▶ Record excerpts
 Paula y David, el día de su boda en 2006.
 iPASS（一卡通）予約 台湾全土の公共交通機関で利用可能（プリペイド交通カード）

---

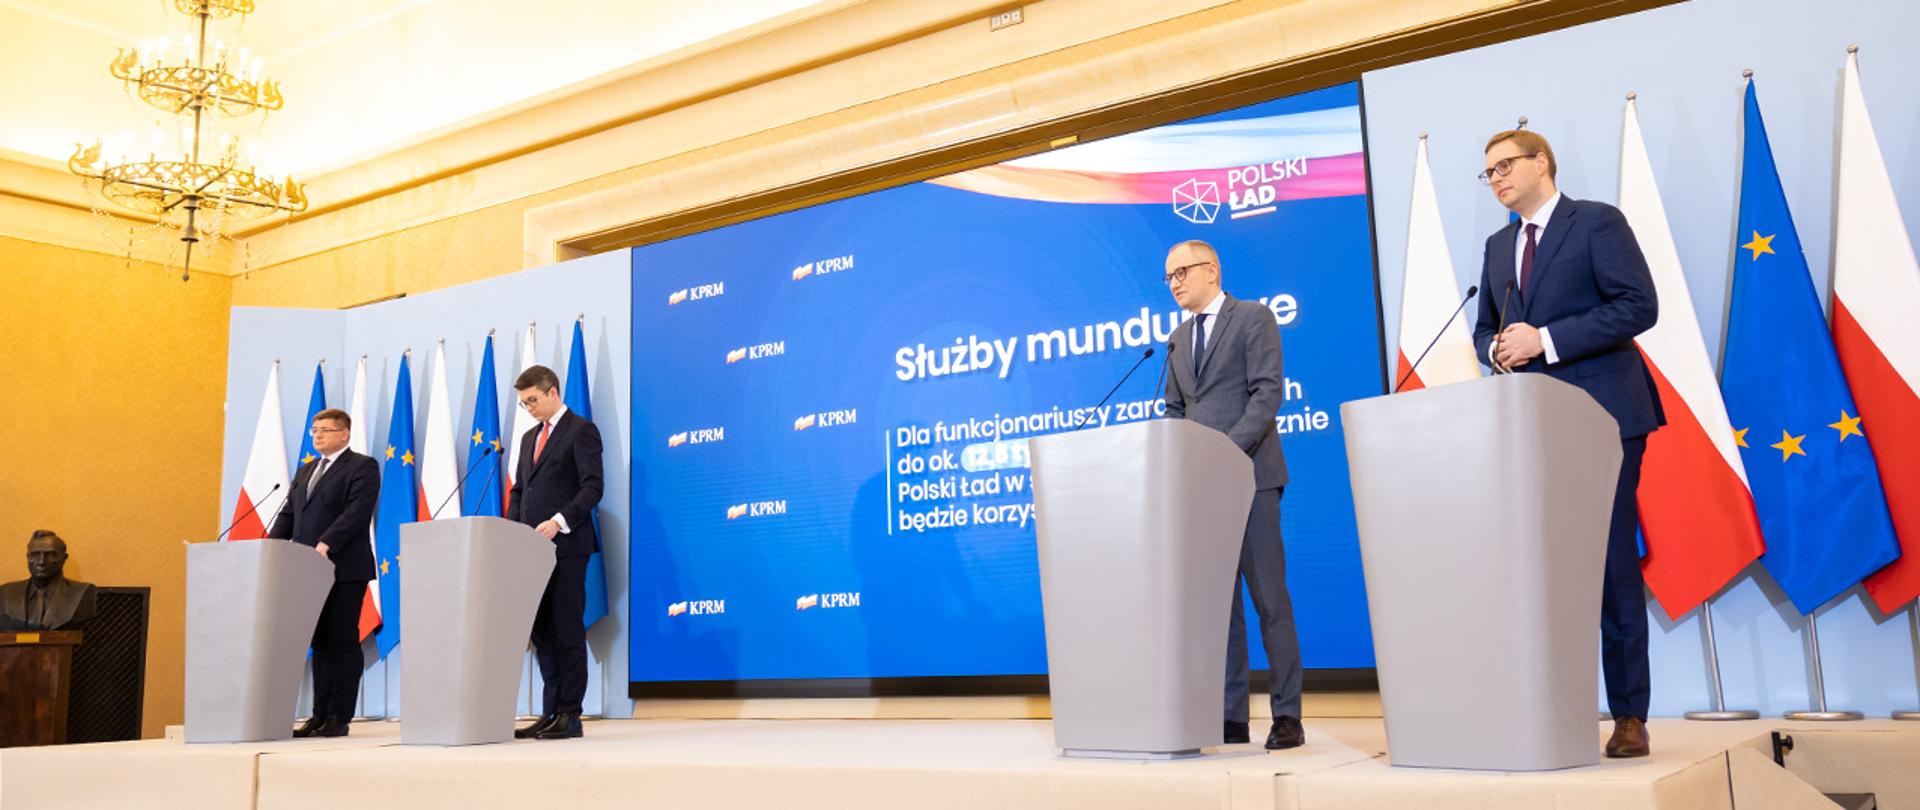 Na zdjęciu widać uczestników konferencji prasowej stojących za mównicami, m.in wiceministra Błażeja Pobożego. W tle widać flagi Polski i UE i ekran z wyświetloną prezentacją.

▶ Your instructions
Transcribe, exactly and without additions, the lines of the records above, beginning with the line that contains "Paula y David, el día de su boda en 2006." and ending with the line that contains "iPASS（一卡通）予約 台", both included.

▶ Response to this exercise
 Paula y David, el día de su boda en 2006.
 iPASS（一卡通）予約 台湾全土の公共交通機関で利用可能（プリペイド交通カード）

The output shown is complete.